To understand how to get liquidation report in UAE, businesses must work with licensed liquidators in freezones, and DED approved liquidators in UAE like AMCA who manage the entire closure process, including:
Legal coordination with authorities
Settlement of liabilities
Tax and compliance clearance
Issuance of the final liquidation report
Expert business closure services UAE ensure the process is completed efficiently and without compliance risks.
Engaging experienced company liquidation services in Dubai like AMCA which helps you:
Avoid compliance errors
Reduce timelines and costs
Protect reputation and future eligibility
Ensure a clean and legally secure exit
Professional support ensures your liquidation in Dubai is smooth, compliant, and stress-free.
Choosing the right liquidator is critical to ensuring a smooth, compliant, and risk-free company closure in the UAE.
We, as Approved Liquidators in UAE, are authorised to issue valid liquidation reports across multiple jurisdictions as:
Approved Liquidators in DMCC (Dubai Multi Commodities Centre)
Approved Liquidators in RAKEZ
Approved Liquidators in JAFZA (Jebel Ali Free Zone)
Approved Liquidators in DAFZA (Dubai Airport Free Zone)
Approved Liquidators in DIFC (Dubai International Financial Centre)
Approved Liquidators in Mainlands recognized by DED (Department of Economic Development)
Approved Liquidators in SRTIP (Sharjah Research, Technology and Innovation Park)
End-to-end company closure support with full regulatory compliance
Faster, penalty-free liquidation through expert handling
Trusted advisory expertise ensuring a clean, risk-free business exit
With AMCA as your approved liquidators in the UAE, you gain clarity, compliance, and complete peace of mind throughout the liquidation process.
Connect with AMCA today for a compliant and stress-free business exit.
Call Us: +97142408784
Email Us: info@amcaauditing.com
1 . Is a liquidation report mandatory for all UAE companies?
Yes, a liquidation report is mandatory for most mainland LLCs, free zone companies, and offshore entities. Requirements may vary by licensing authority, but authorities generally require a report issued by an approved liquidator before license cancellation.
2 . How long does the company liquidation process take in the UAE?
The liquidation process in the UAE typically takes 30 to 60 days, depending on the licensing authority, publication period, tax clearance, and settlement of liabilities.
3 . Can a company be closed in the UAE without a liquidator?
In most cases, no. Mainland LLCs, free zone companies, and offshore entities usually require a licensed or approved liquidator to issue a valid liquidation report. Sole establishments may have conditional requirements.
4 . What is the cost of company liquidation in Dubai?
Liquidation costs vary based on company structure, licensing authority, and compliance status. Costs generally include liquidator fees, government fees, publication charges, and tax clearance expenses.
5 . Is VAT deregistration required during company liquidation?
Yes. If the company is VAT-registered, VAT deregistration with the Federal Tax Authority is mandatory before final license cancellation and submission of the liquidation report.
6 . Can shareholders leave the UAE during the liquidation process?
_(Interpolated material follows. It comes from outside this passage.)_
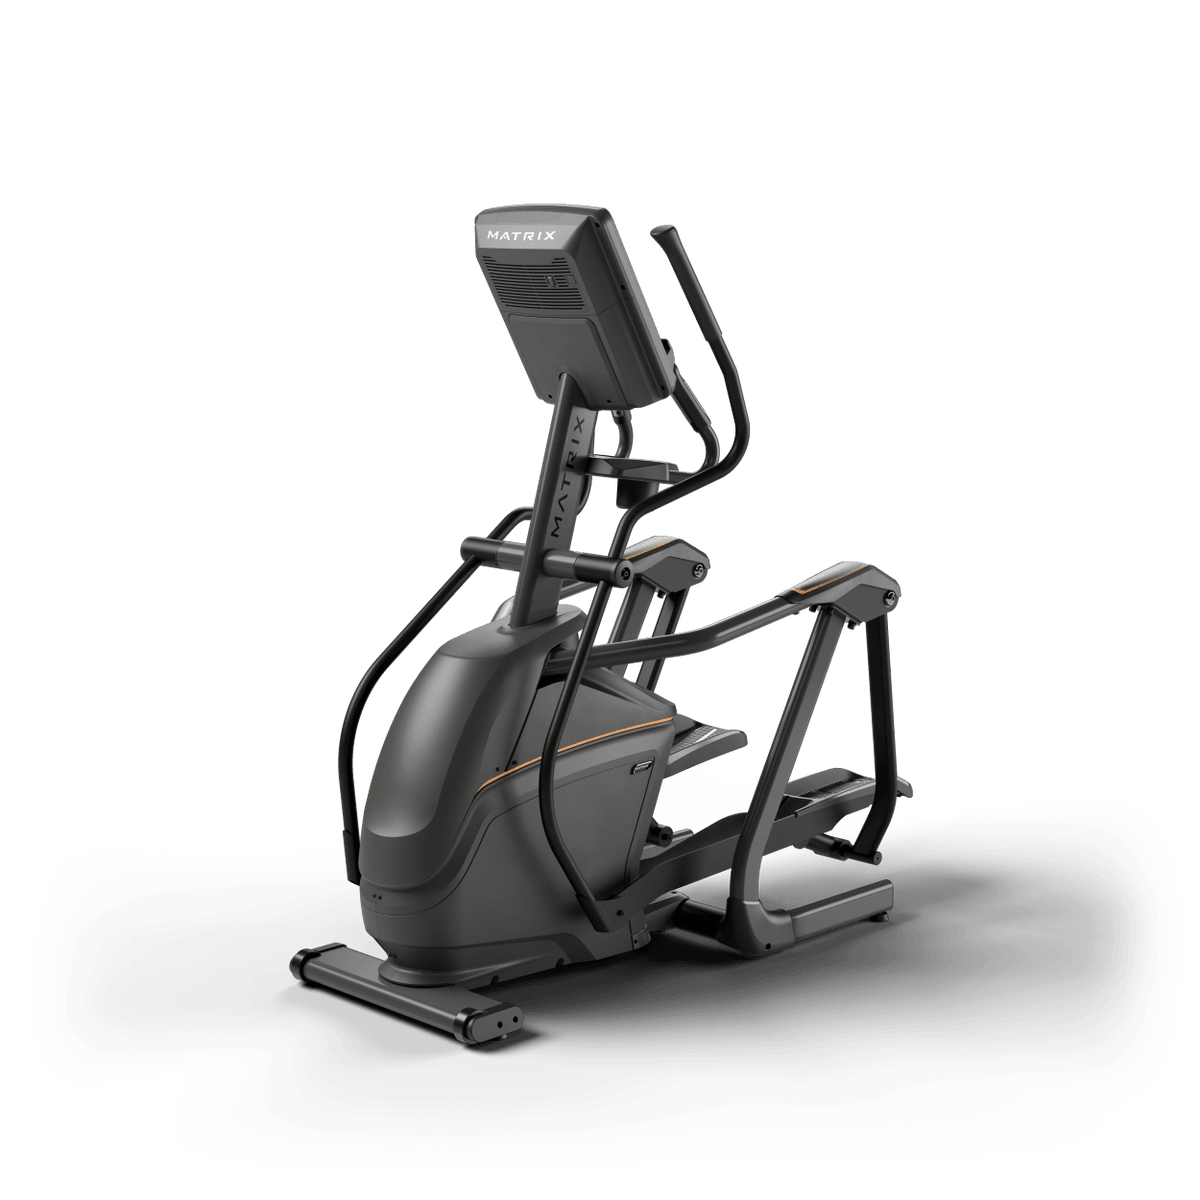 Matrix Fitness Lifestyle Elliptical with Touch Console rear view | Fitness Experience

Yes, shareholders may leave the UAE; however, visa cancellation, bank closures, and authority clearances must be properly managed to avoid delays or penalties.
7 . What happens to employee visas during liquidation?
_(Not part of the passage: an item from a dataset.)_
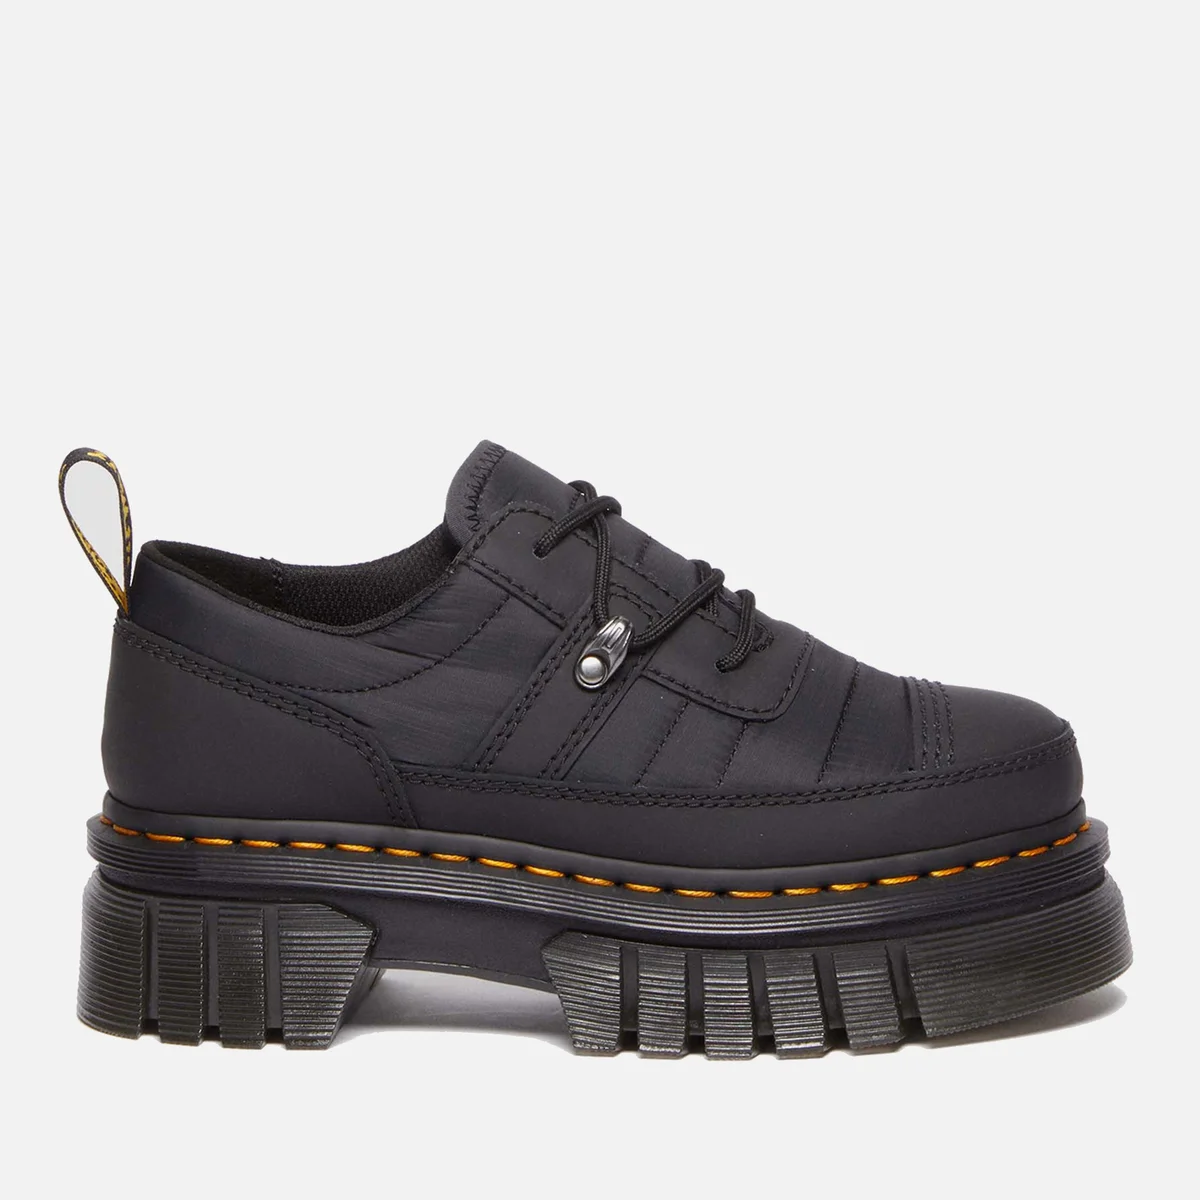 Dr. Martens Women's Audrick Quilted Nylon 3-Eye Shoes Image 1

All employee visas and labour contracts must be cancelled, and end-of-service benefits must be settled before the liquidation report can be issued.
8 . What is Company Dissolution UAE?
Company dissolution UAE is the final legal removal of a company from government records after liquidation.
9 . What does the Winding Up Process UAE involve?
The winding up process UAE involves settling liabilities, distributing assets, and issuing a liquidation report.
10 . When is Business Deregistration Dubai complete?
Business deregistration Dubai is complete after license cancellation and liquidation report approval.
11 . What is a Company Closure Checklist?
A company closure checklist includes debt settlement, tax clearance, visa cancellation, and submission of the liquidation report.